Japan wasn’t convinced that we had more than one bomb. Bockscar made them believers.
Instead of insisting on unconditional surrender, the Allies should have issued a set of preconditions for peace talks such as insisting that Germany replace Hitler, agree to withdraw to its 1938 borders, order its submarines to return to port and close its death camps. In addition, the Allies should have given covert aid to anti-Nazi groups in Germany.
One CANNOT forget another immediate crisis the Japanese faced that played a very major part in their decision to surrender to America: Russian invasion of the northern islands.
By the time Hiroshima and Nagasaki were flattened, most of the Tokyo, Yokohama, Chiba regions were already moonscapes, thanks to Curtis LeMay and his firebombing campaigns. The Japanese learned that the Americans could now make a moonscape with just one plane. Very unsettling.
Japan rightly feared the Soviet armies and their well known barbarism and penchant for atrocity. It was unthinkable that Soviet savages be allowed to put a foot on Hokkaido.
Among the Japanese military, the US was grudgingly seen as “The Honorable Enemy,” who had fought a dogged war with them. Surrender to such a foe was far more acceptable, under the circumstances, than having even one Russian soldier set foot or the main islands.
The Soviets were indeed upset when Truman blanked them out of a place at the surrender table.
I'm headin' to the store for some firecrackers as we speak!
stealing that
There are even some who say we had no business going to war against Germany... that wars are not always inevitable.
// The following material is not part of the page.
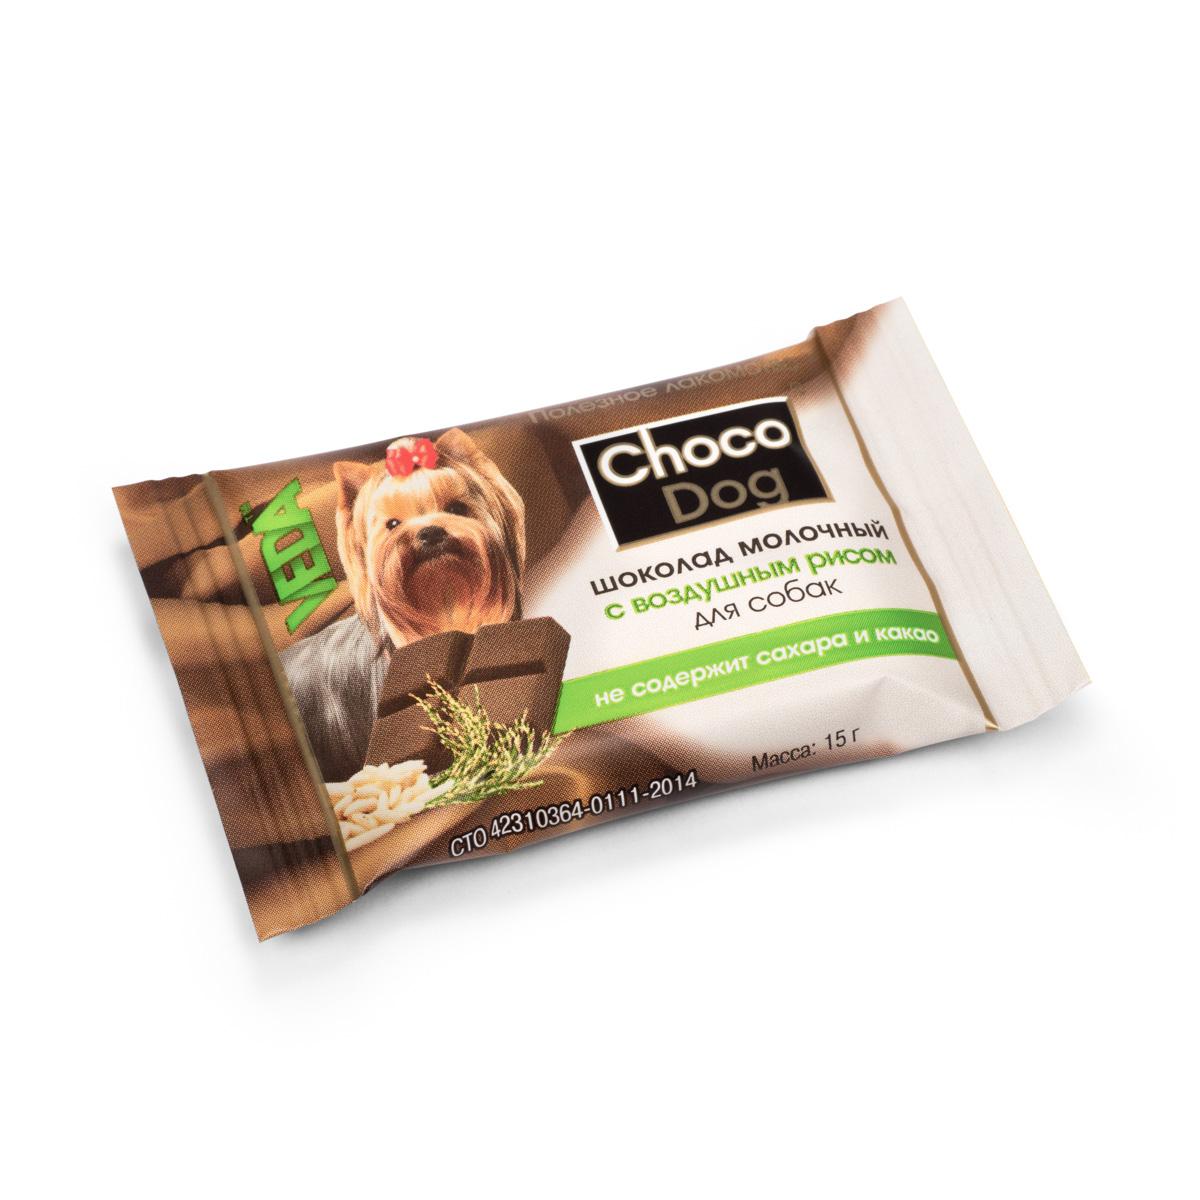 Лакомство для собак VEDA Choco Dog, молочный шоколад с воздушным рисом, 15 г4605543006616Лакомство для собак VEDA Choco Dog представляет собой дополнительный функциональный корм для непродуктивных животных в виде лакомства, предназначенный для использования в качестве лакомства с целью поощрения и дрессуры животных. Сладкое лакомство для собак, обогащённое полезным наполнителем. Рис, благодаря наличию витаминов группы В, витамина Е, ряда микроэлементов (калий, кальций, железо, цинк, магний), полезен для костей, сердца и сосудов. К тому же воздушный рис приятно похрустывает. Состав: заменитель масла какао, лактоза, сухая молочная сыворотка, порошок плодов рожкового дерева, рис воздушный, пивные дрожжи, лецитин, стевиозид, пищевой ароматизатор. Пищевая ценность в 100 г: белки 3,0 г, жиры 40 г, углеводы 55 г. Энергетическая ценность в 100 г: 570 ккал. Товар сертифицирован.

yep, some people say “war is not the answer”. But, what would a better response to Pearl Harbor or 9/11 have been? When wars are started by others intent on killing us, what do they propose we do???
Germany declared war on the US, we responded in kind. I suppose the liberals would have wanted us to surrender immediately.
“... that wars are not always inevitable. “
I suppose that there are some wars that were not inevitable but Hitler did not need anymore time to accrue resources and advance his tech than he got.
“FDRs unconditional surrender policy prolonged the war.
...
Think:
War ends in 1943. Hitler dead.
No invasion of Normandy.
No bloody battles across Europe.
No cities bombed flat/RRs and bridges downcountryside wrecked.
...
Russia stifledNO COLD WAR!
...
FDR was a jerk.”
Lots of faint hopes here, dressed up as real possibilities. Sad to say, they are all unprovable
The “unconditional surrender” policy wasn’t purely FDR’s idea; Great Britain and the USSR were heavily involved. And their nations were at least under as much of a threat. as the US.
“Unconditional surrender” came from the unhappy aftermath of the Great War (aka World War I). German leaders did not feel they’d been beaten in 1918, and stirred up their own citizens on that account (Nazism was just an excuse). Allies figured Germans were not trustworthy, and so ignored any peace overtures during World War II.
Anyone who thinks the USSR would not have been a threat after an early end to WWII is mistaken. By 1943 they were fielding divisions in amounts nearing 20 times more than Britain, Canada, and US combined.
Complaints about air strikes against Axis cities are only voiced by those who have no idea. By claiming to feel pity for the enemy, they are indulging in moral equivalizing. One might even call it a form of moral hubris - an odious form at that.
But all of this misses the point. The sequence of events must be: (1) win the war. (2) worry about morality. If you don’t succeed at (1), all need for (2) vanishes.
Insightful analysis, ConradoMontferrat ... and many of the other comments/discussions from other FR-pers, also.